Il sindaco di Torregrande, Rocco (che abbiamo già incontrato e vista la straordinaria ispirazione alla figura di Rocco Scotellaro), dirà a Patrick, incoraggiandolo, che la memoria popolare è più forte e ricca dei documenti scritti. Grazie alla memoria popolare e alle intuizioni de dott. Coppola si riuscì a stabilire che Michele non era stato ricoverato in manicomio perché fosse pazzo, ma perché era stato vittima di un atto di inaudita violenza, per toglierlo di mezzo. Egli, inoltre, nonostante il lungo periodo di detenzione in un ambiente degradato e degradante, in comunione con esseri abbrutiti, aveva saputo difendersi estraniandosi completamente dall’ambiente e da quel mondo. Michele non aveva perso la ragione, né la parola, ma se ne era volontariamente privato per difendersi, estraniandosi dall’ambiente e dai suoi compagni di sventura, annullandosi. Una vita condotta per anni in quelle condizioni non avrebbe potuto non lasciare conseguenze: e infatti Michele, quando fu liberato, sembrava un essere abbrutito, in stato letale. Si sperava tuttavia nel recupero delle sue facoltà, lento, faticoso e non certo. Il dotto Coppola prudentemente avvertiva Patrick che il recupero non era sicuro. Ho scritto in qualche pagina avanti che adopero allusivamente l’espressione “pagine non riassumibili” e che, nelle conclusioni semiserie che, dopo il prossimo post, chiuderanno post scriptum questo riassunto, dirò che cosa intendo realmente dire. Senza stavolta minimamente alludere, adopero la stessa espressione anche riguardo alle numerose pagine relative alla lenta scoperta della verità: queste pagine sono realmente non riassumibili e invito a leggerle, perché ne vale la pena.

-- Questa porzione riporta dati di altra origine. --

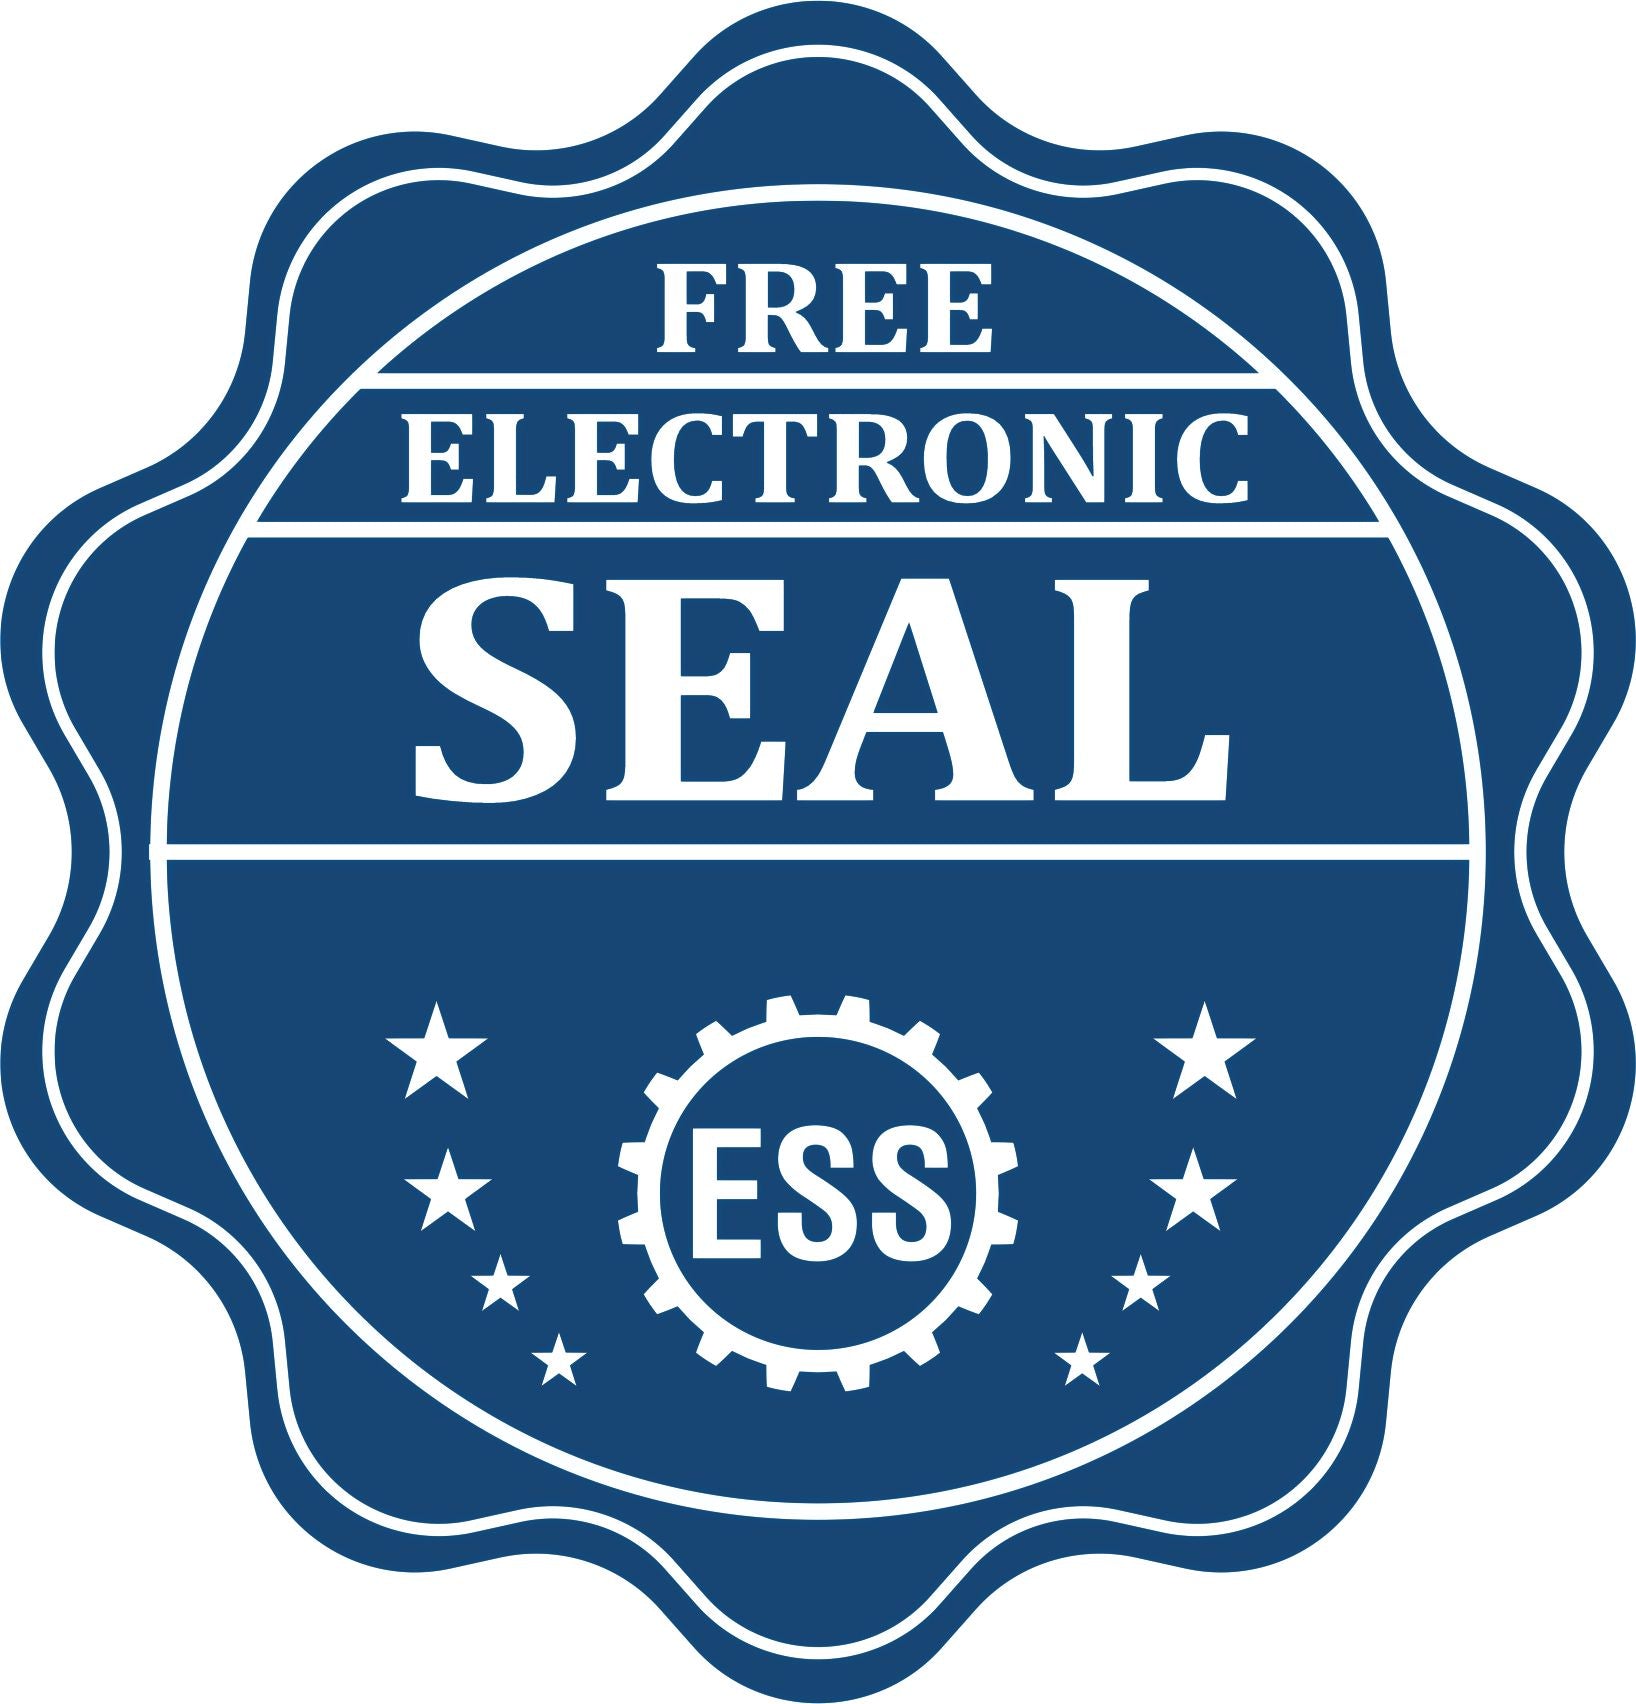 A badge showing a free electronic seal for the Hybrid Virginia Geologist Seal with stars and the ESS gear on the emblem.

Michele recuperò in pieno le sue facoltà e Patrick, col recupero delle sue origini – della terra in cui era nato e del padre -, si sentì finalmente realizzato. Quando conobbe il testo del biglietto che aveva addosso quando fu abbandonato, disse: – Adesso so come mi sarei dovuto chiamare! Ma io non mi chiamerò Giovanni Campagna: mi chiamerò come il padre di mio padre, Nicola Genovesi. Ma sentiva il bisogno di ritrovare Assuntina e dette incarico di cercarla a una agenzia di investigazioni di New York. Una certa amarezza scese nell’animo di Elvira, alla quale sembrava che il forte rapporto col padre portasse a trascurato il ricordo e il rimpianto per la madre, Emma.